Give the listing again word for word. Skip the pictures.

> _Data below_:
= Beginning of Section =

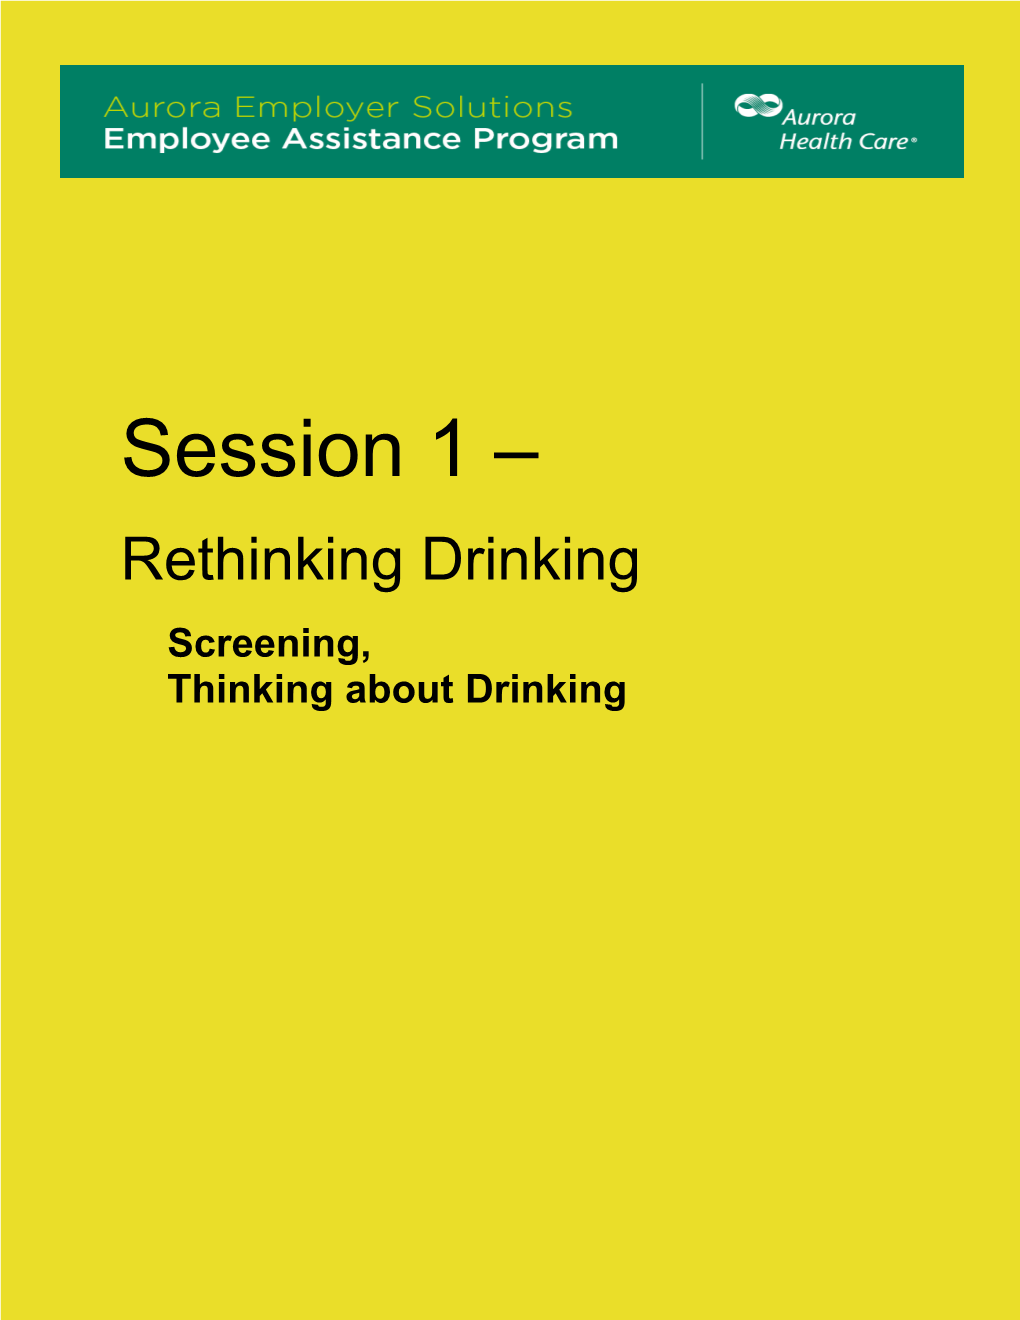 Session 1 – Rethinking Drinking Screening, Thinking About Drinking
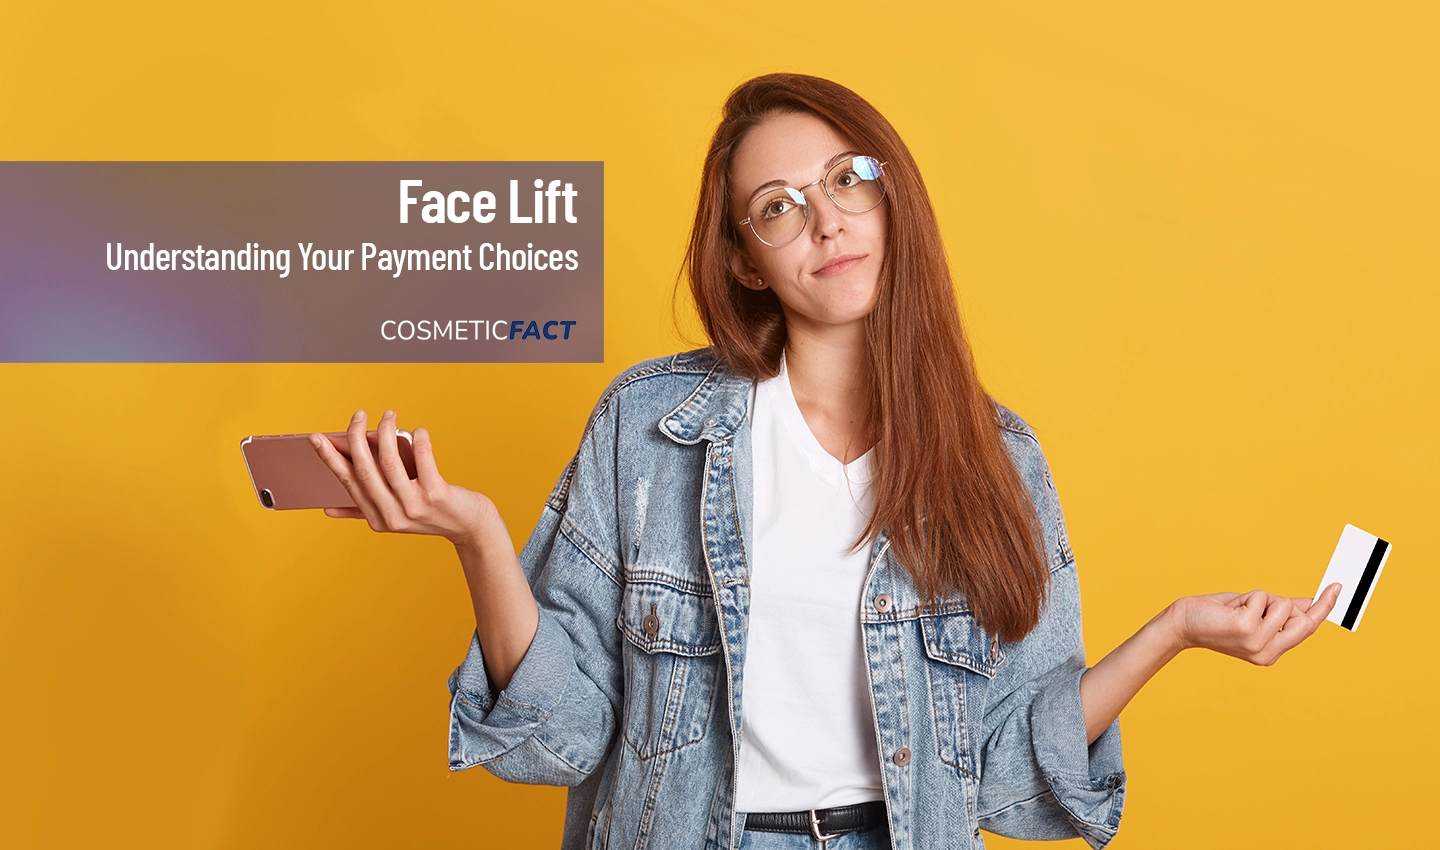 Lady hesitant about using credit options for facelift surgery
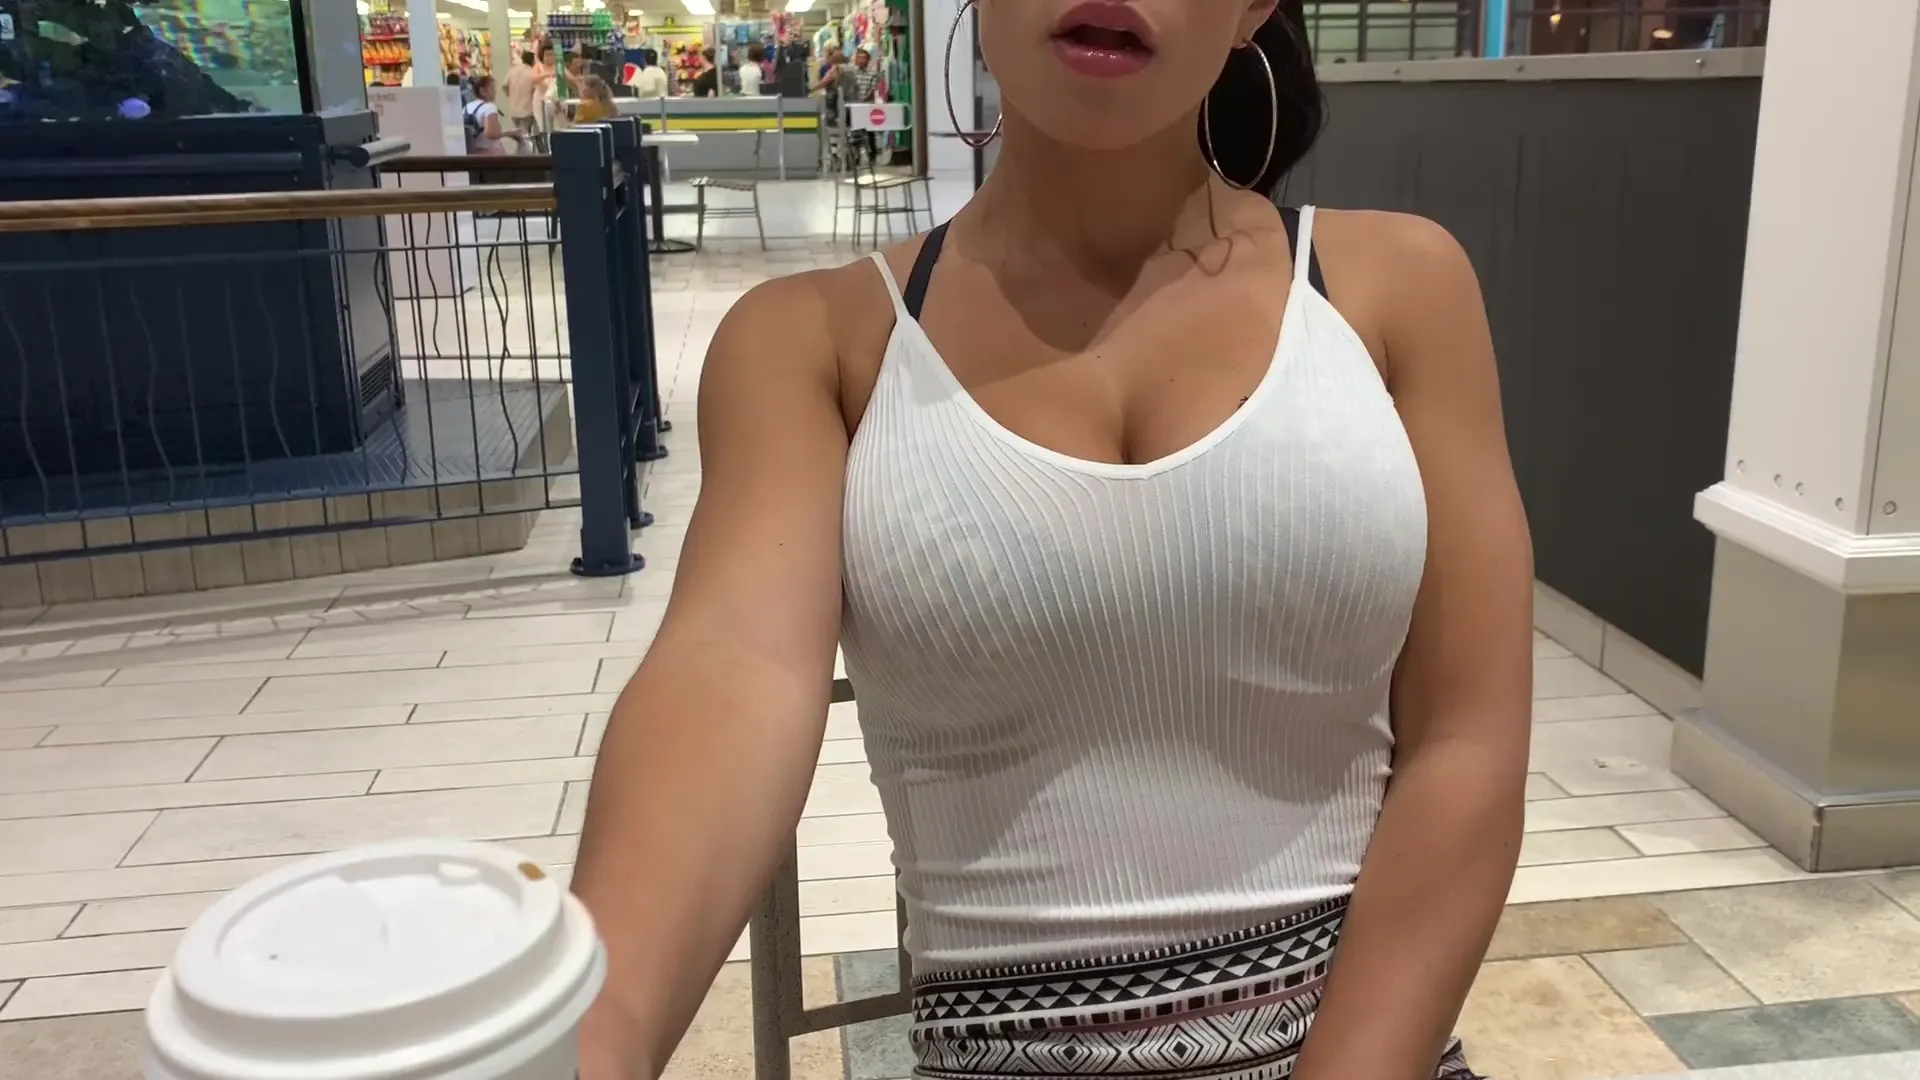 Orgasms Control in Public (Lovense Lush on Remote) picture pic
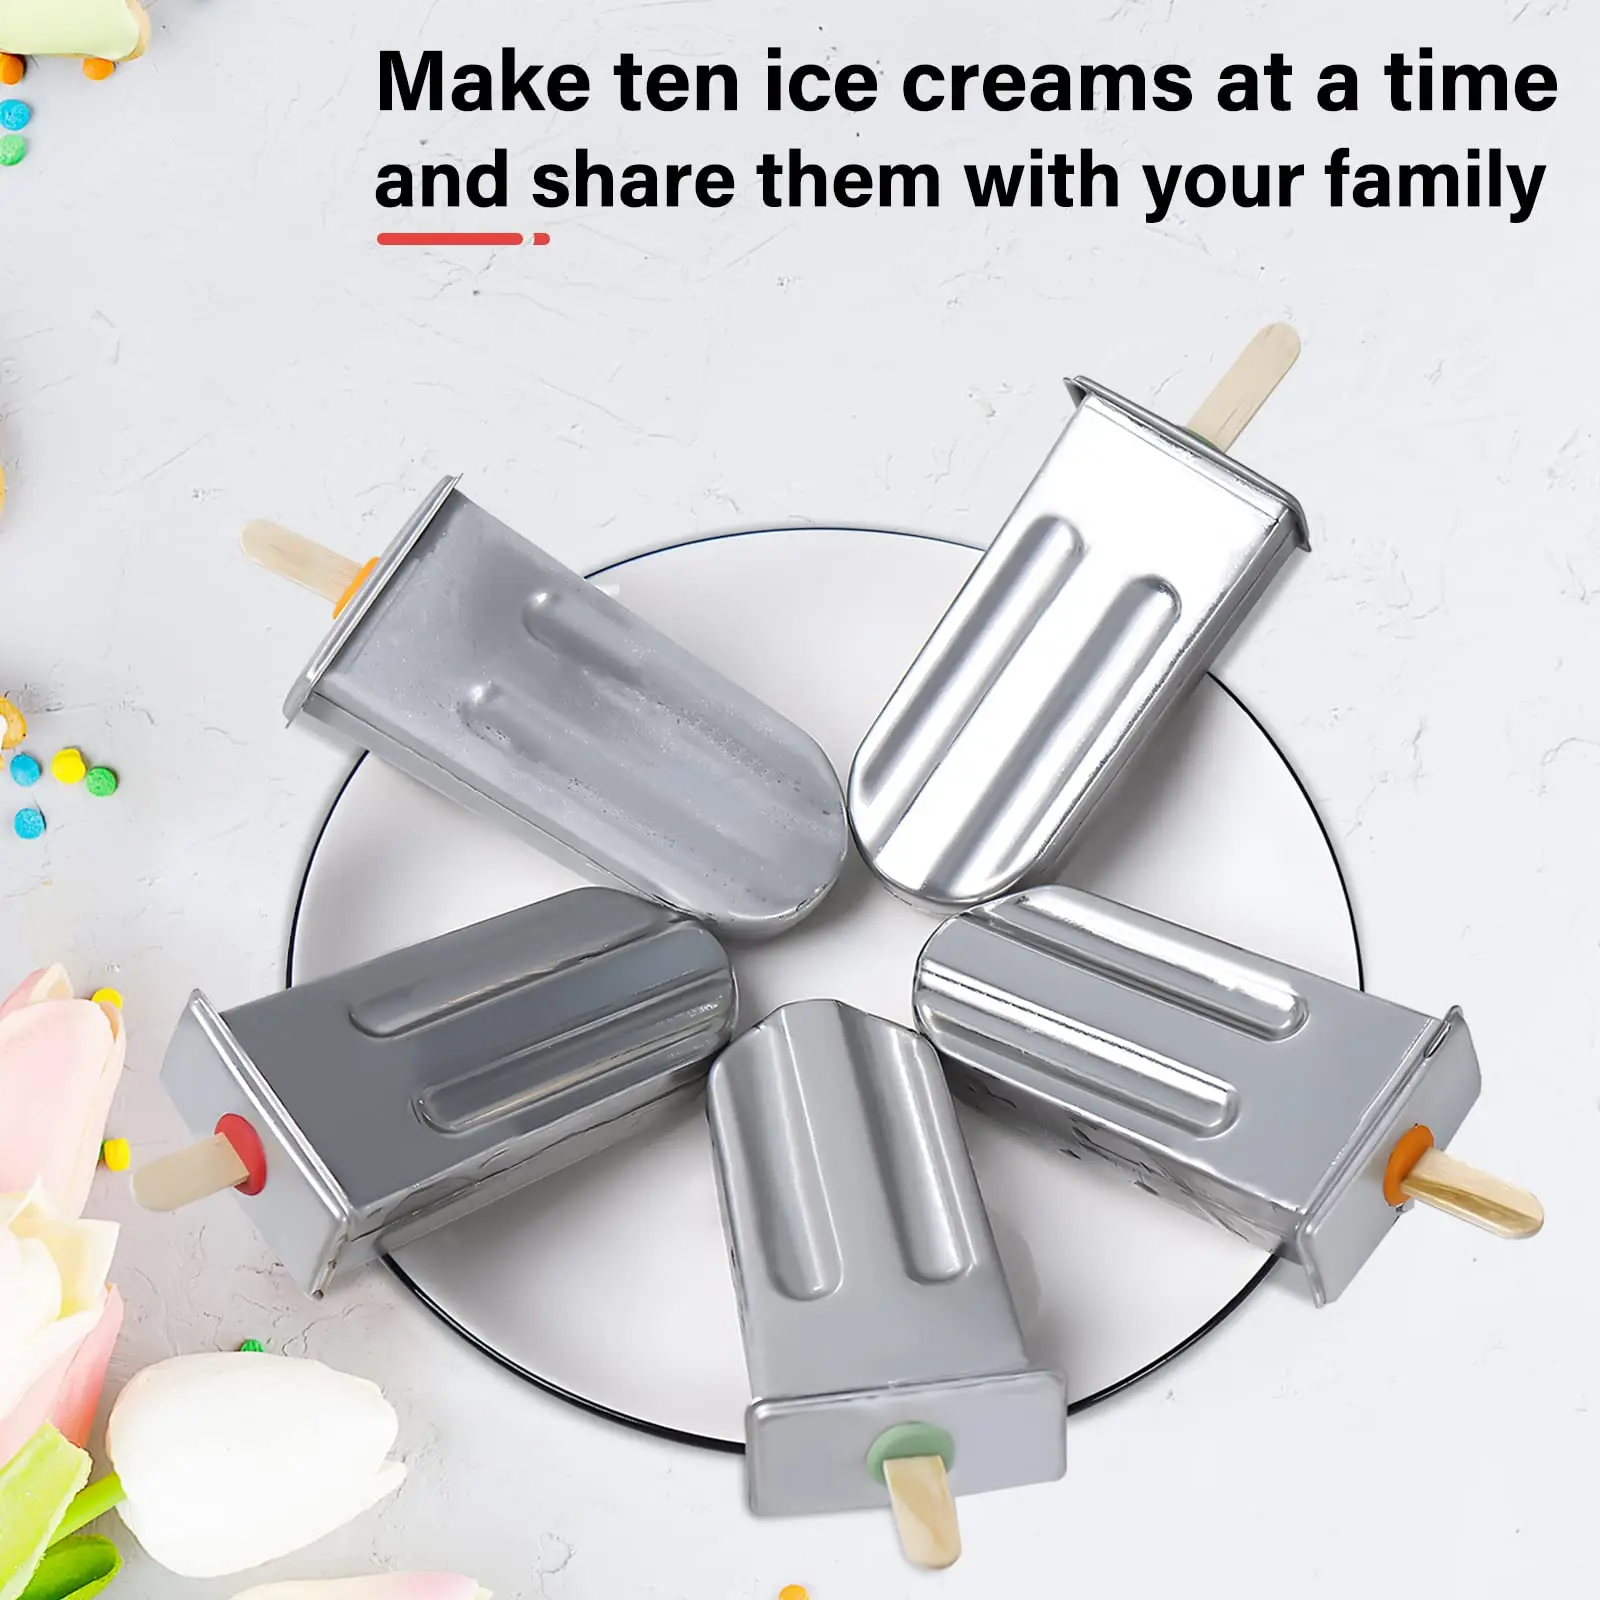 Metal Popsicle Moulds Set of 10 Stainless Steel Ice Lolly Molds with Holder stainless steel popsicle mold

= End of Section =

> _Task result_:
 Session 1 – Rethinking Drinking Screening, Thinking About Drinking
 Lady hesitant about using credit options for facelift surgery
 Orgasms Control in Public (Lovense Lush on Remote) picture pic
 Metal Popsicle Moulds Set of 10 Stainless Steel Ice Lolly Molds with Holder stainless steel popsicle mold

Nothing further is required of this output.